I like Fairy,Dark,Physic and Water as all have themes and designs I like a lot. Fairy types appeal to my like of the magical and light eternalness, Dark to my love of the night and darkness, Physic appeals to my fascination with the mysterious and supernatural and Water I love for the aquatic and oceanic themes.


----------



## Librarylady (Mar 11, 2017)

Water types


----------



## Robert2928 (Apr 6, 2012)

I like grass pokemon. When I first played Pokemon Yellow bulbasaur with leech seed and poison powder helped me out. I personally like the versatility of grass pokemon. They can self heal with a few moves, cause abnormal status effects with moves and have only gotten better as the generations has gone.

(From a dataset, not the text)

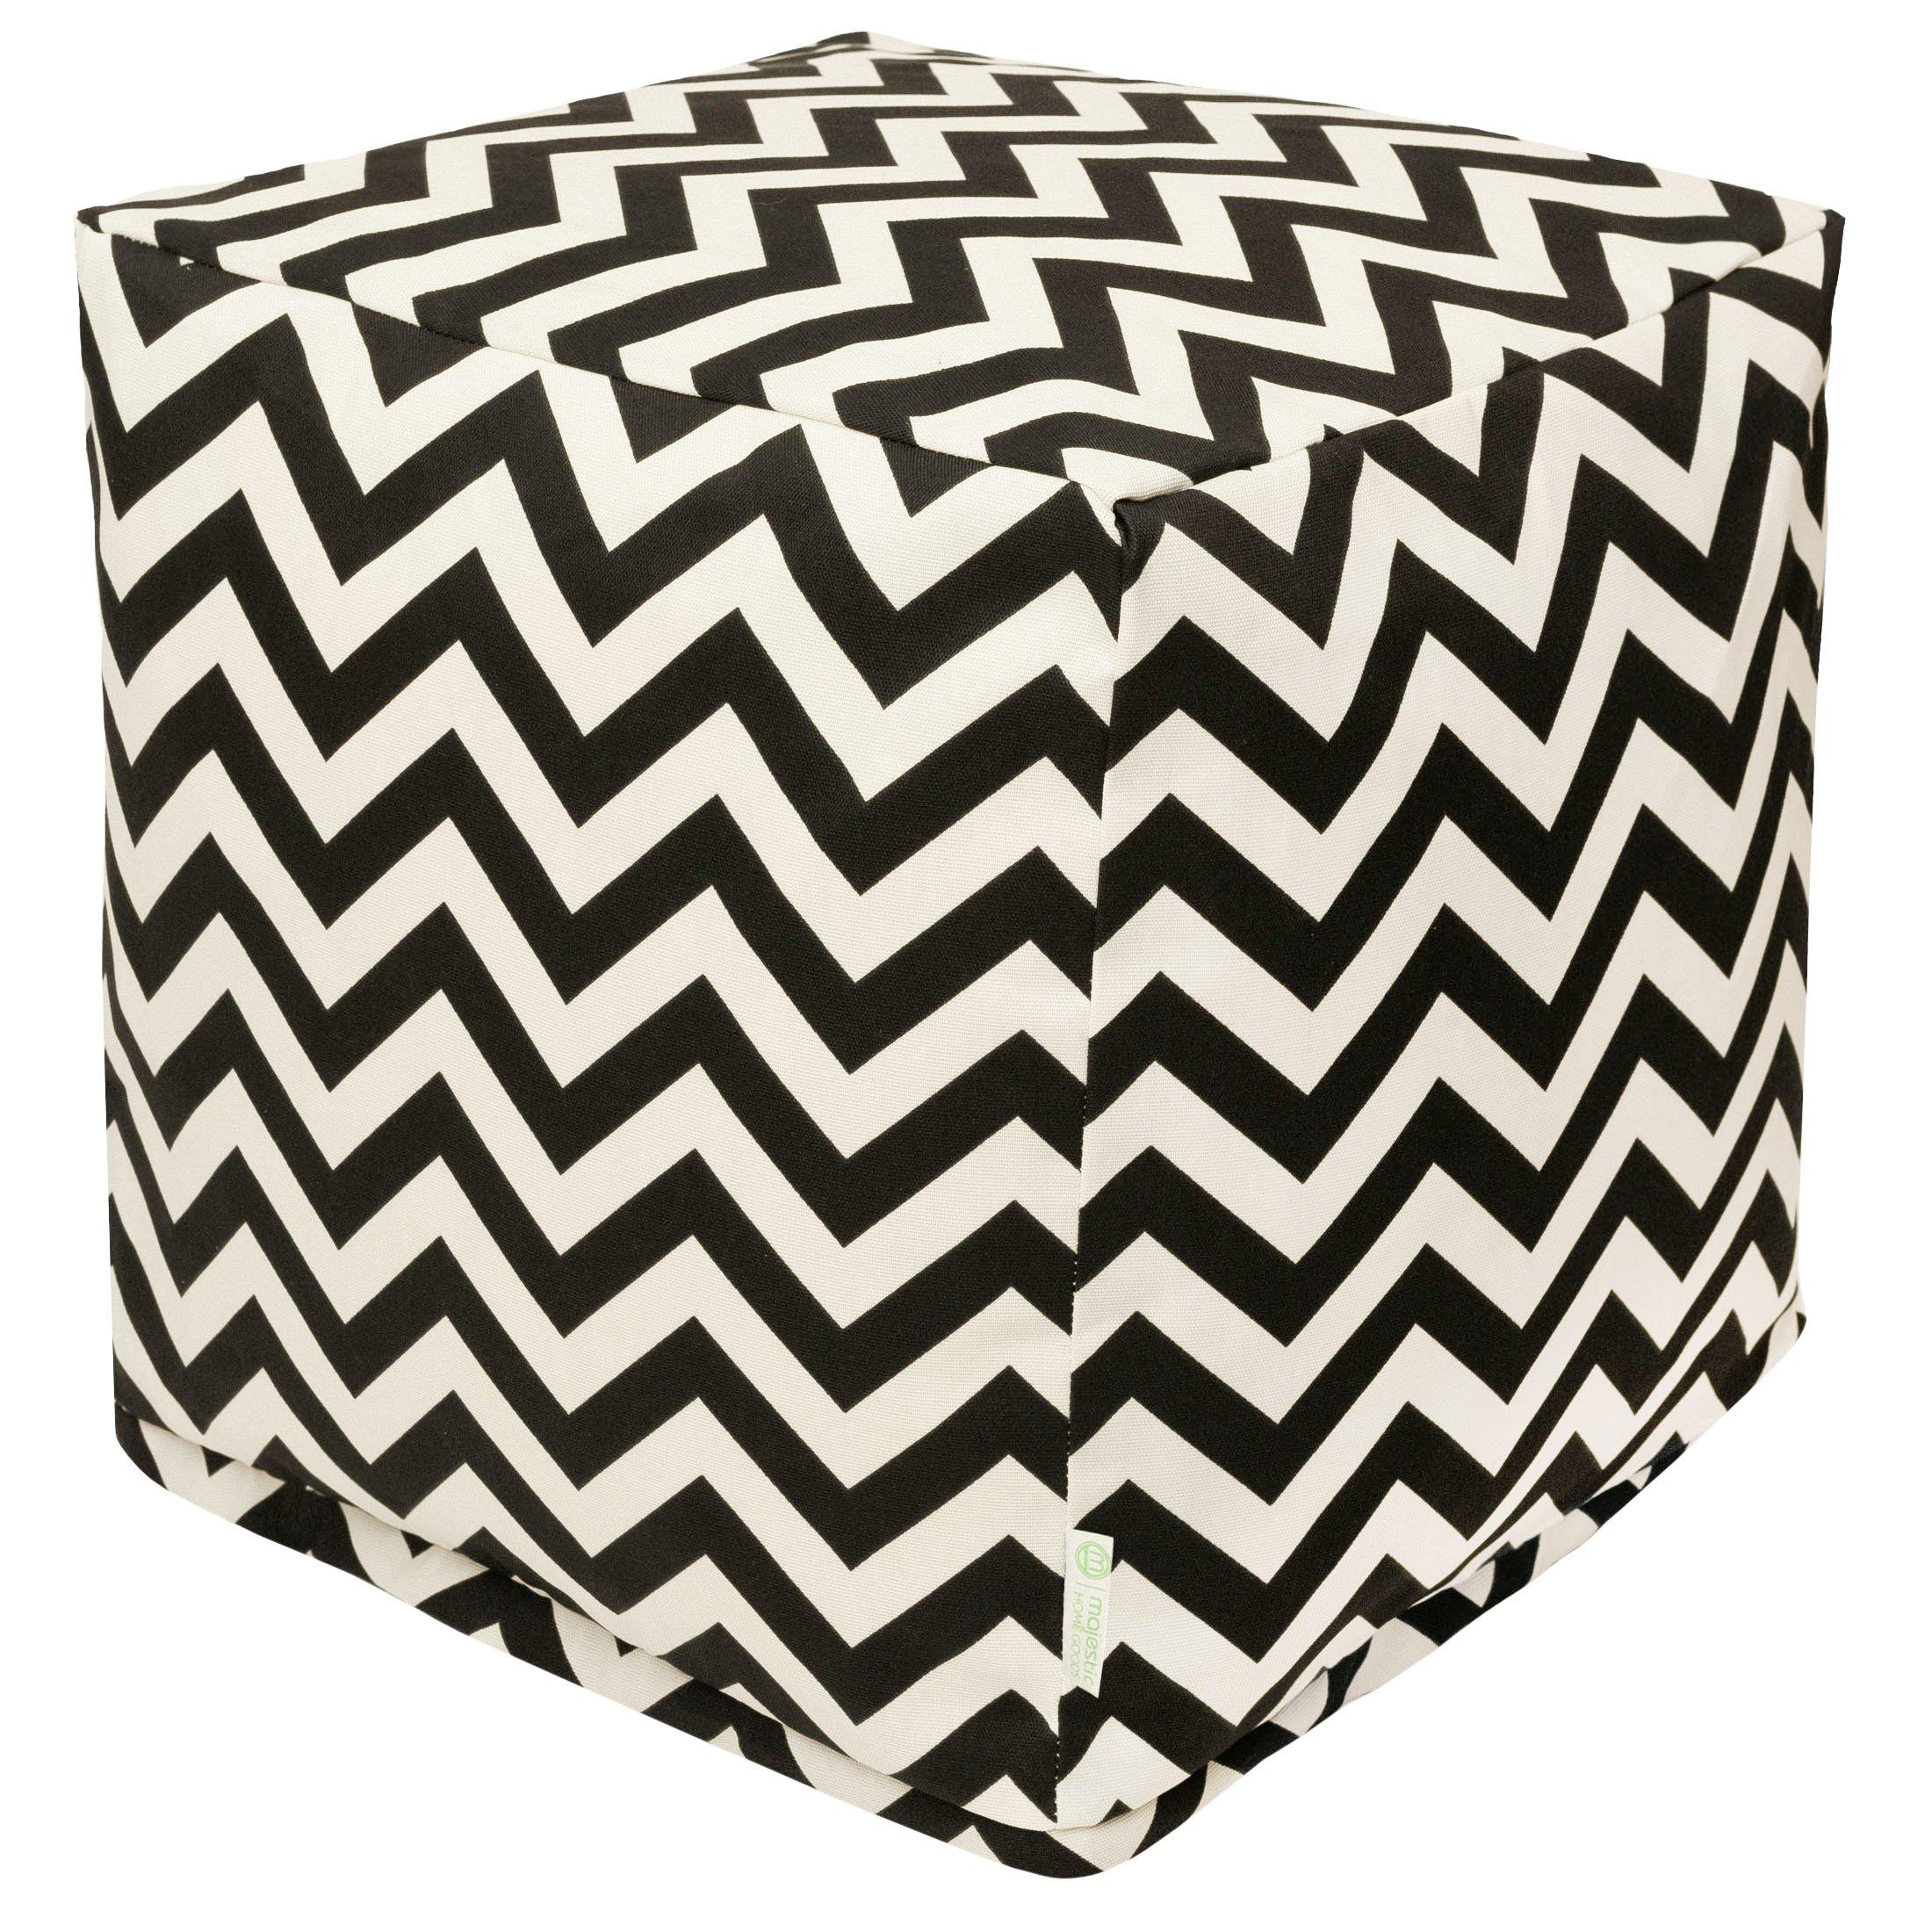 Majestic Home Goods Black Chevron Indoor/Outdoor Bean Bag Ottoman Pouf Cube 17'' L x 17'' W x 17'' H

While the designs for grass pokemon are hit and miss (water and fire usually have the cooler designs for starter pokemon) if we are going by "play style" I like grass pokemon's more tactical approach because if my pokemon are under leveled being able to set up long term effects on tough pokemon will give me a better chance for victory.


----------



## Rithrius (Jun 3, 2018)

Mainly Ghost and Psychic.

Mostly because Alakazam and Gengar have been my favorites since Gen 1


----------



## Persona Maiden (May 14, 2018)

Grass and fairy.


----------



## SweetStars (Jun 12, 2018)

Is difficult to choose only one, but i most say electric and fairy type.


----------



## Crystal Winter Dream (May 27, 2018)

Jigglypuff is my favorite Pokemon so I'll say fairy


----------



## Mister Bimbo (Sep 11, 2017)

plz don't ban me because this post has nothing to do with the thread.


----------